**Task**
From the material below, please set down exactly the lines starting with the one with "slip silk pillowcases kind of worth the hype" and going on through the one with "Lindenwood White 4 Pc King Panel Bedroom", without a single picture.

**The data**
------------------------------

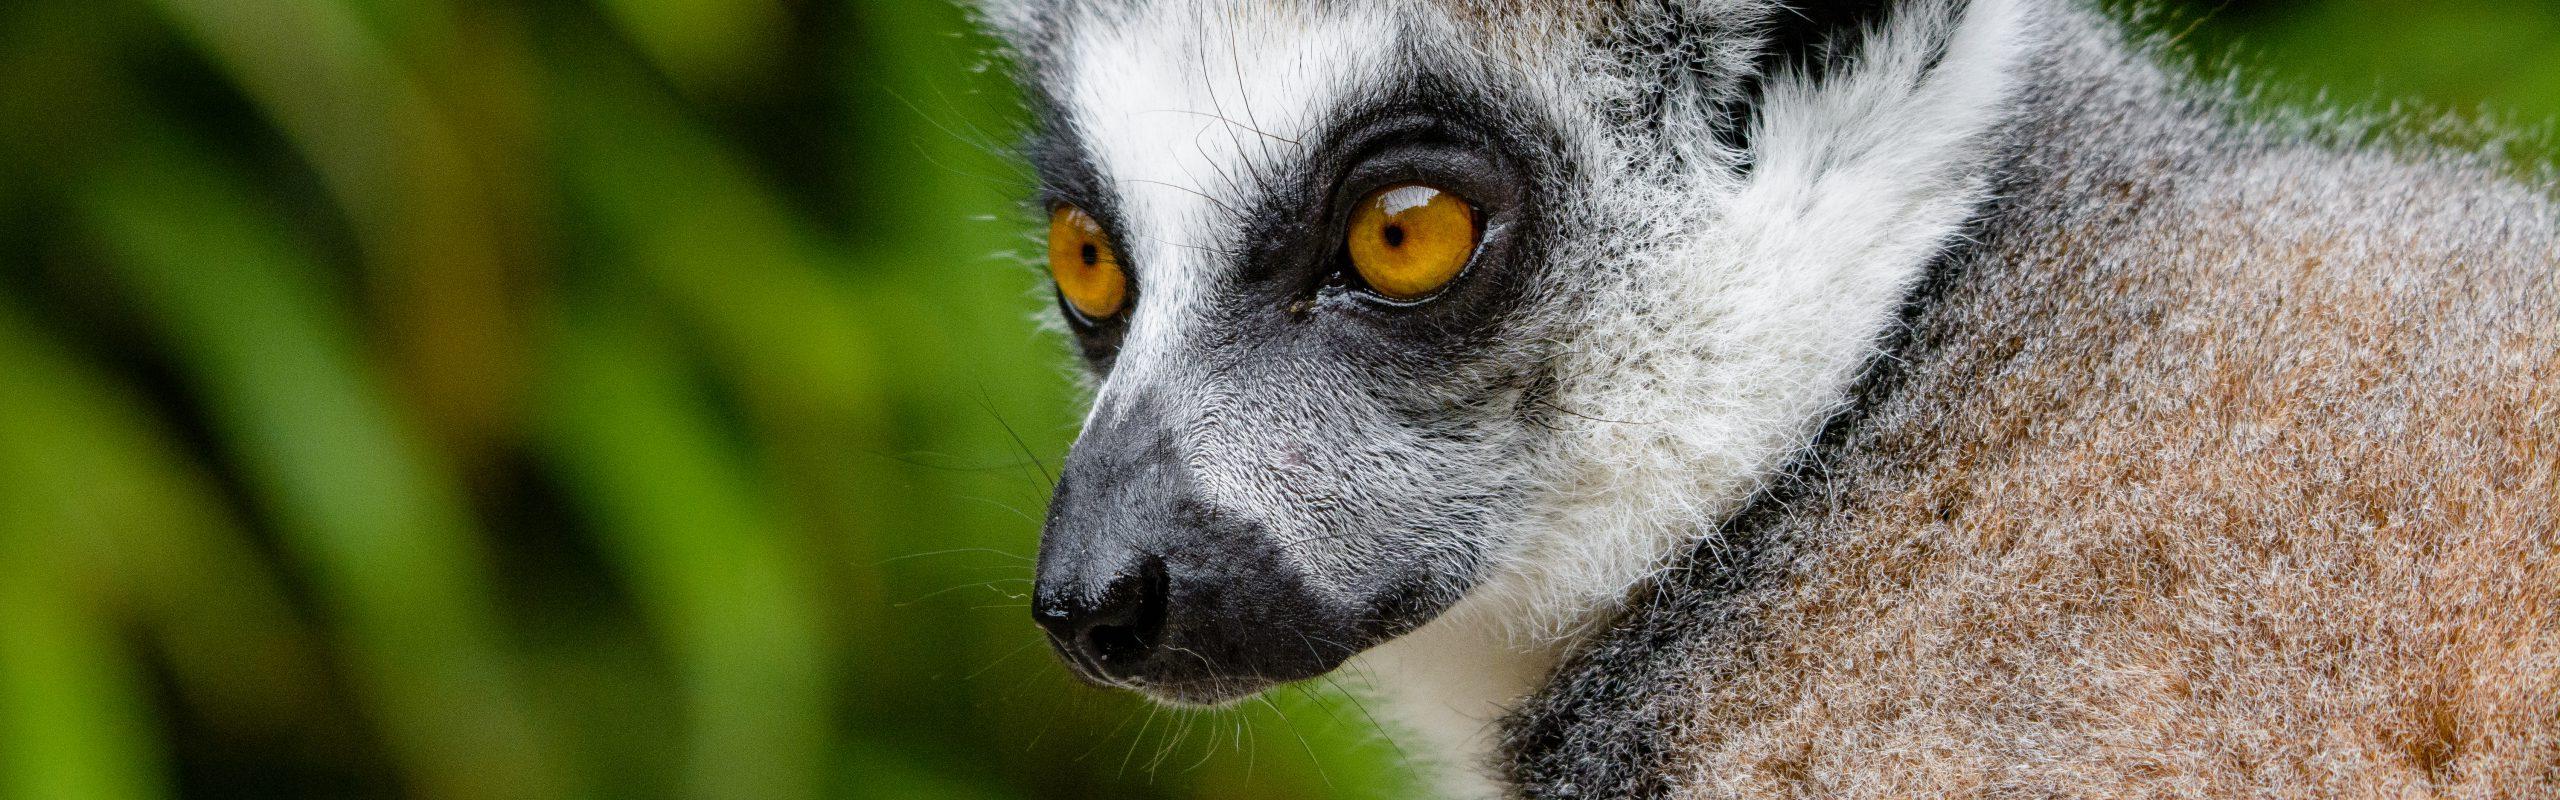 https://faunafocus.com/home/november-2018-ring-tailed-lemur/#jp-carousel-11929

------------------------------

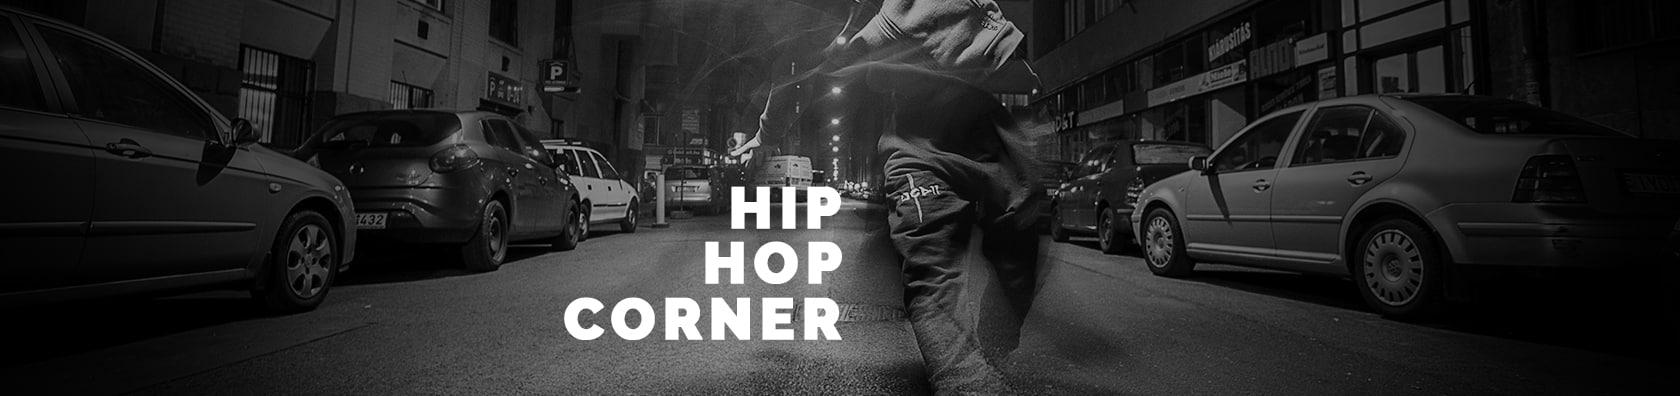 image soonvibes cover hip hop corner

------------------------------

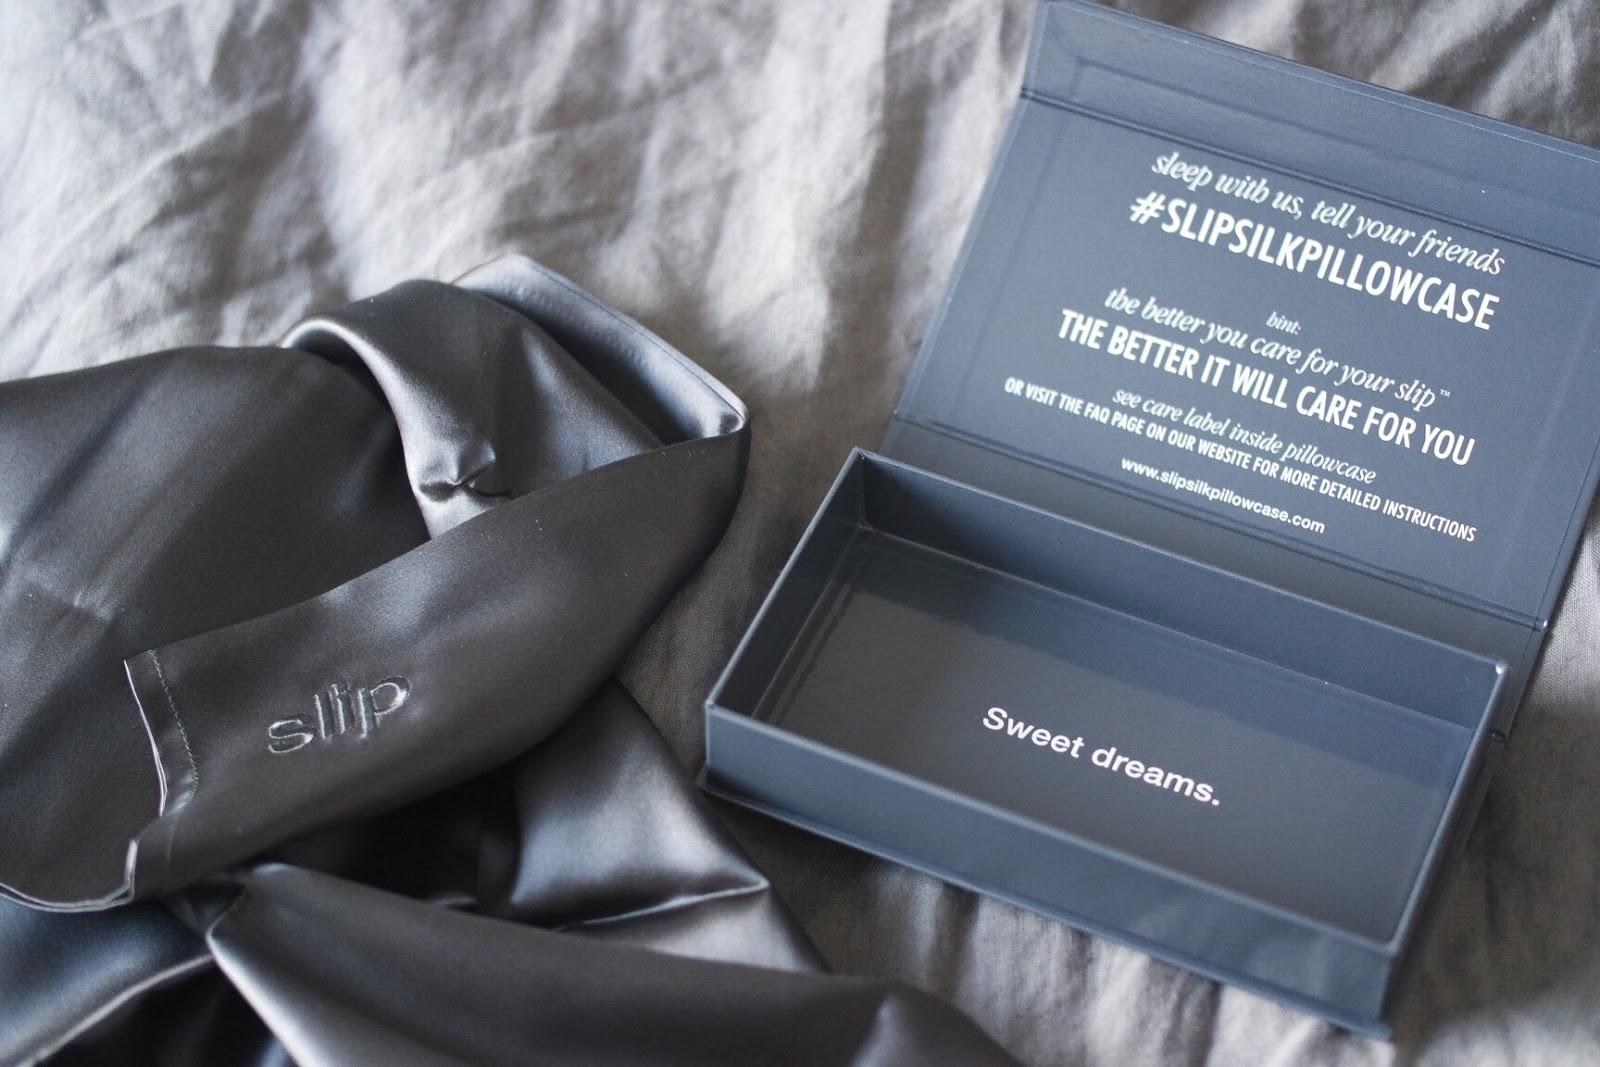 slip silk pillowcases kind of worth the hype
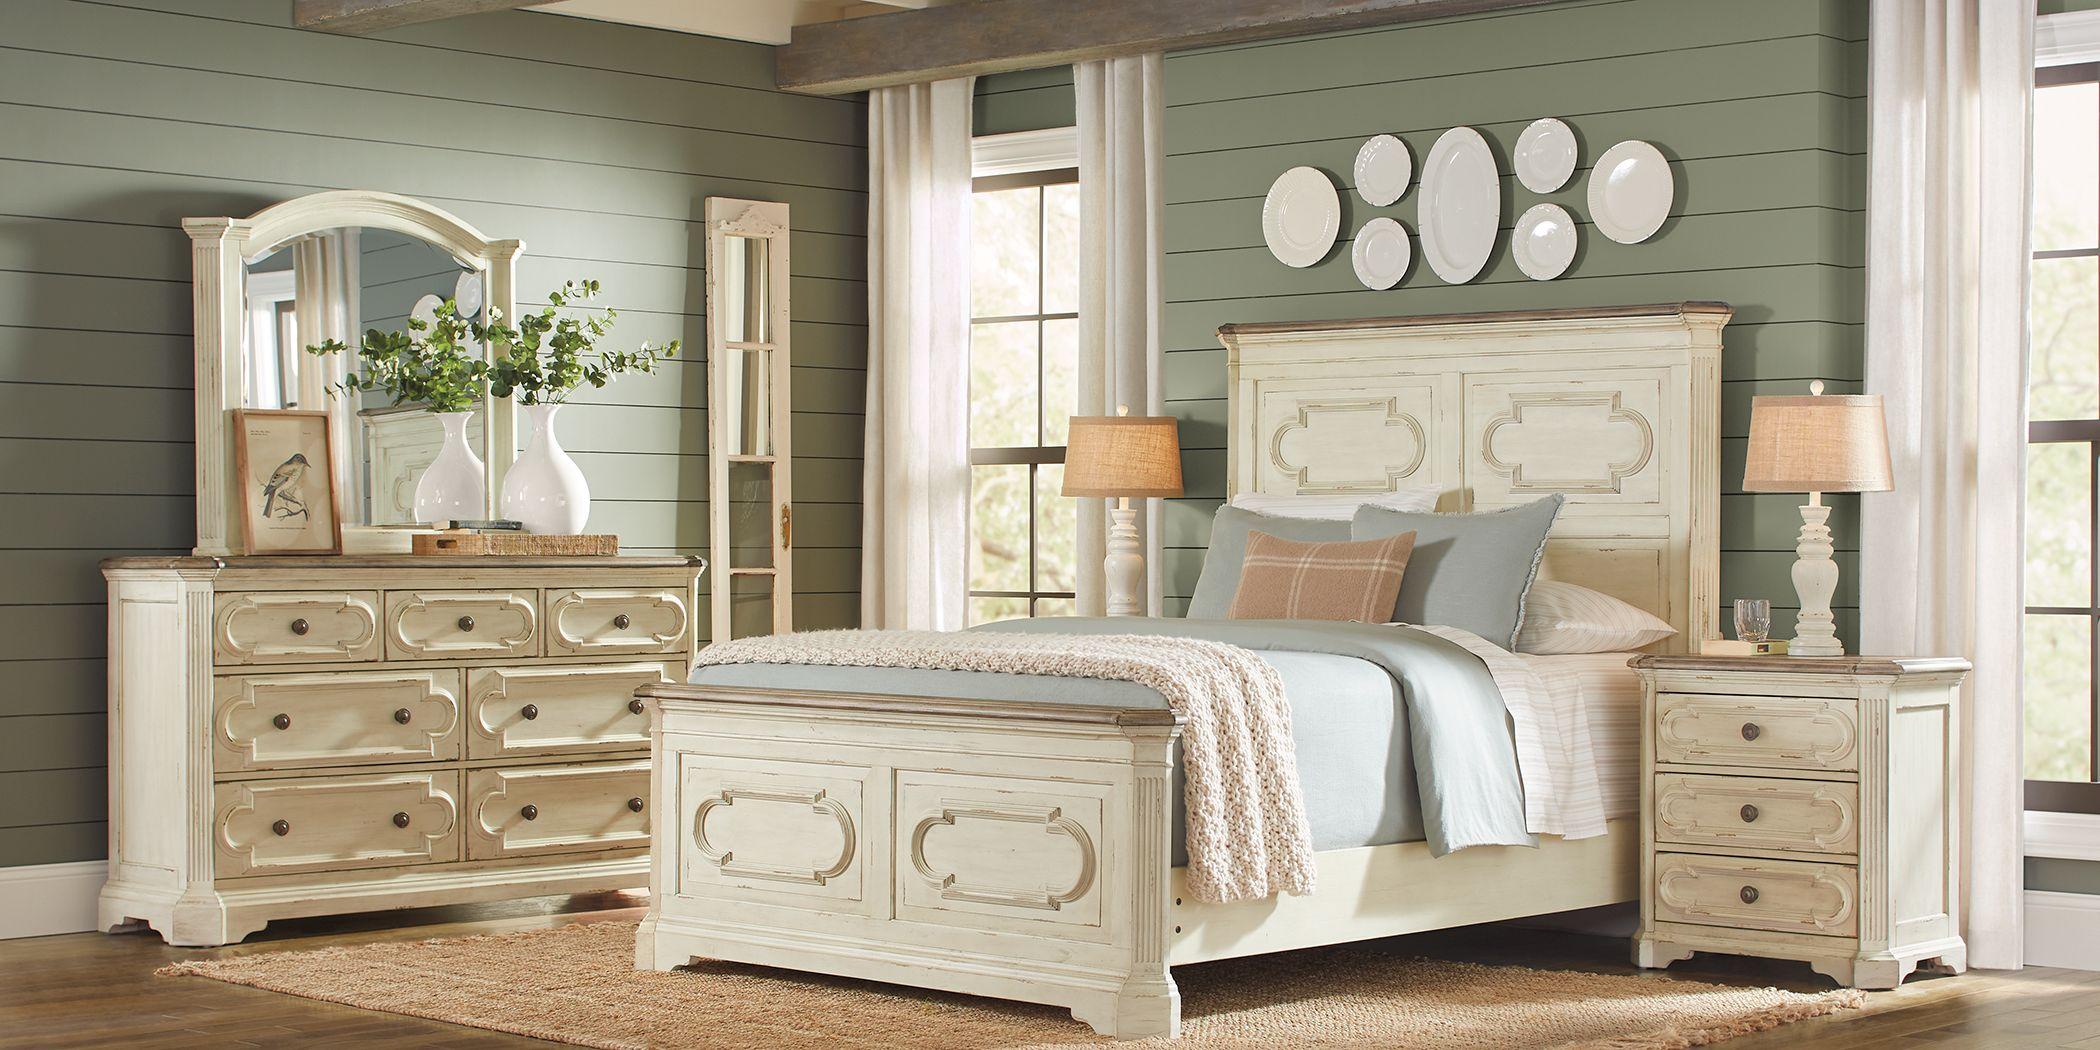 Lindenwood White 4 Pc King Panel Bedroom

------------------------------

**Solution to the problem**
 slip silk pillowcases kind of worth the hype
 Lindenwood White 4 Pc King Panel Bedroom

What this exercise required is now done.